По всему было заметно, что пинки порядком сдрейфила. Было похоже, что до того инцидента, на который так надеялись копы, уже рукой подать. Эйнджел возбудилась до такого состояния, что теперь ей было плевать на все. Если эта шавка сделает против нее выпад, она о стенку ее размажет, и еще одним мешком дерьма в городе станет меньше. По всем статьям за это ей должны поставить памятник.
Пинки по-прежнему бросала на нее полные ярости взгляды, однако сохраняла благоразумие, поскольку очень боялась за свою жизнь.
— Ну-ну, поговори у меня. Когда мы придем к власти, то сотрем таких как ты с лица земли.
— Кто? «Рыцари»? Ты, должно быть, шутишь!
— Я говорю не о…
Удивительно, что здесь внизу может быть так тихо. Это был новый блок камер предварительного заключения. Здесь пахло машинным маслом и свежим бетоном. Запах параши почти не ощущался. От ближайших соседей их отделяло не менее двух камер.
Почти абсолютная тишина, воцарившаяся во всем блоке, могла свидетельствовать только об одном — что пинки сказала что-то весьма существенное, что заставило тех, кто здесь находился, призадуматься.
Дальше все происходило, как в замедленной съемке. Эйнджел свесила ноги с койки, а пинки вскочила на ноги.
— О ком это ты говоришь?
— Не приближайся ко мне.
Впервые за долгое время Эйнджел снова ощутила присутствие на щеке нового шрама. Он уже стал практически незаметен, ощущалось только небольшое натяжение на щеке. Эйнджел поймала себя на том, что скалит зубы, как какой-нибудь маньяк-убийца. В висках стучало, ноздри щекотал запах крови, которая, как она полагала, появилась из раскрывшейся на щеке раны.
— Ну, говори!
Эйнджел медленно приближалась к пинки. Мышцы ног напряглись, и она с трудом их передвигала.
— Это останется между нами — тобой, мной да теми проститутками, что сидят в трех камерах от нас.
— Ты не посмеешь.
— А кто остановит меня, уродина? Ты так бахвалилась своими друзьями в высоких инстанциях. Почему бы тебе не сказать мне, кто они?
Она буквально пригвоздила пинки взглядом. Внезапно она осознала, что со стороны эта сцена, должно быть, смотрится ужасно глупо. Ну да ладно, среди моро в состязании кто кого переглядит, кролики всегда выходят победителями.
Однако у лысой потаскухи имелись все основания перетрусить. Эйнджел чувствовала, как в ней закипает злость и нарастает желание разорвать что-нибудь в клочья. От приступа ярости нервы ее натянулись, как канаты.
Пинки забилась в угол и замерла там. Эйнджел приближалась к ней.

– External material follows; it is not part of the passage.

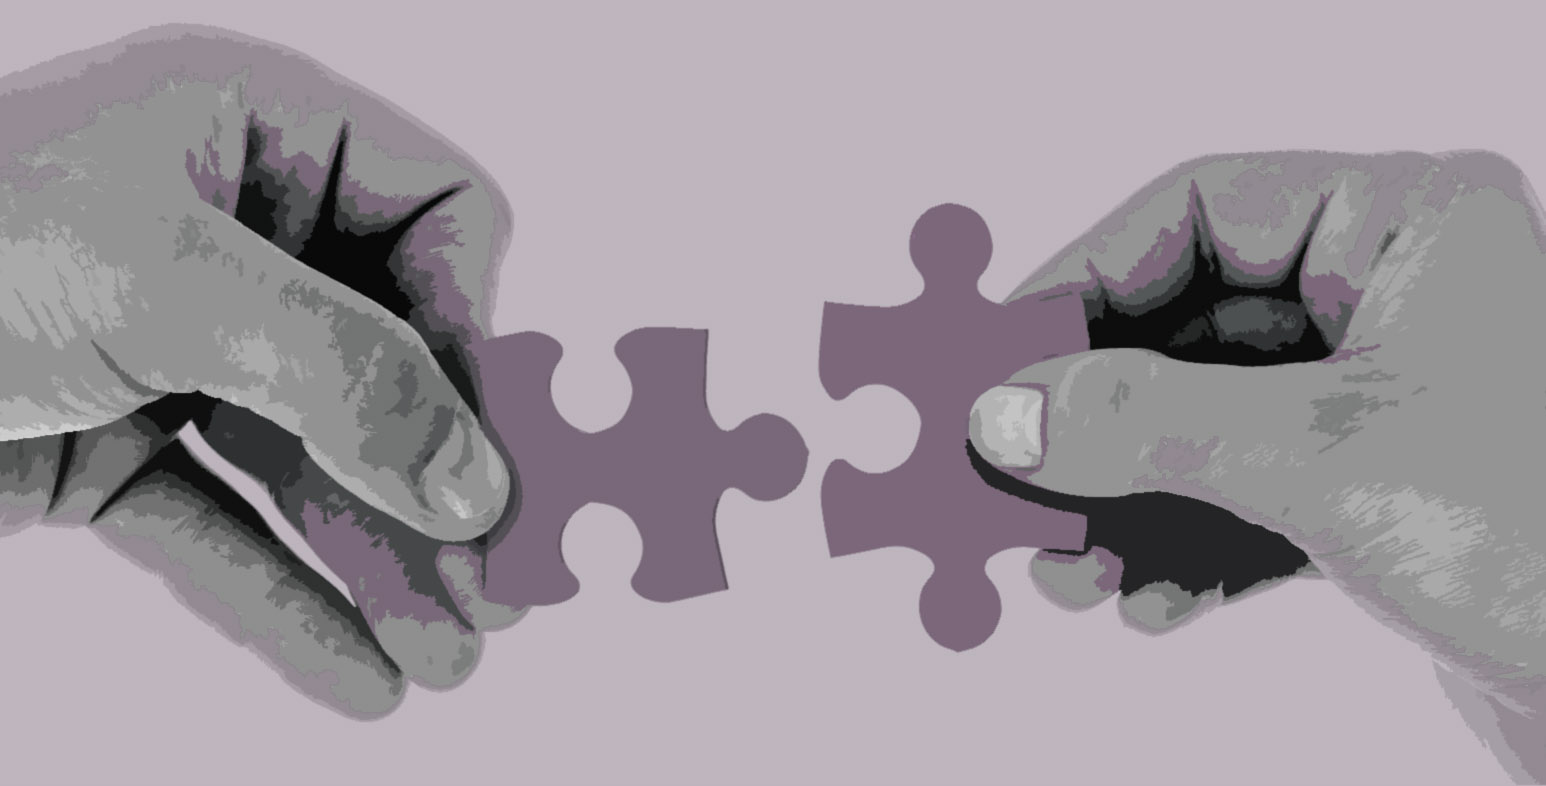 Classroom Management: Why I Love A Good Jigsaw

— Ну, говори же, удиви меня именами своих друзей.
— Не прикасайся ко мне.
— У них должна быть веская причина, чтобы позволить тебе извиваться, как уж под вилами.
— Убирайся вон!
— Скажи мне…
Эйнджел подошла к лысой уже настолько близко, что носки их обуви соприкасались. Она приподнялась на цыпочках и лицо ее стало вровень с лицом пинки.
— Назови мне имена этих людей, и я не трону тебя. Валяй, говори. Похоже, это может у тебя здорово получиться.
Эйнджел пристально смотрела в глаза пинки. Та не шевелилась и хранила молчание.
— Не хочешь? Может быть, помочь тебе?
Эйнджел слегка подалась вперед. Губы ее растянулись в ухмылке, а щека ужасно болела. Она еле сдерживала непреодолимое желание дать волю рукам и обрушиться на эту маленькую лысую голову. Мышцы от напряжения дрожали. Эта сцена напомнила ей другую — сцену с Игалесом. Ничего, она справиться с собой.
— Сначала я отгрызу тебе нос.
Она высунула язык и и провела им по лицу пинки, ощутив солоноватый вкус пота и страха.
Когда язык Эйнджел прошелся по переносице пинки, та закатила глаза и испустила чуть слышный стон. Затем с силой оттолкнула Эйнджел и бросилась на прутья решетки.
— Выпустите меня отсюда! Немедленно выпустите меня отсюда! Я сознаюсь во всем, только спасите от этого животного!
Эйнджел собиралась сказать что-то еще, или даже напасть на пинки и показать мерзавке воистину звериный лик, но в этот момент в блоке предварительного заключения поднялся адский шум. Ворота всех пустых камер одновременно распахнулись, и копы в полном обмундировании, которое обычно надевают при усмирении уличных беспорядков, принялись заталкивать в них толпы моро обоего пола. Копы выстроились вдоль стен, сжимая в руках дубинки, напомнившие Эйнджел палки для загона скота, а мимо них тек поток поросших шерстью моро.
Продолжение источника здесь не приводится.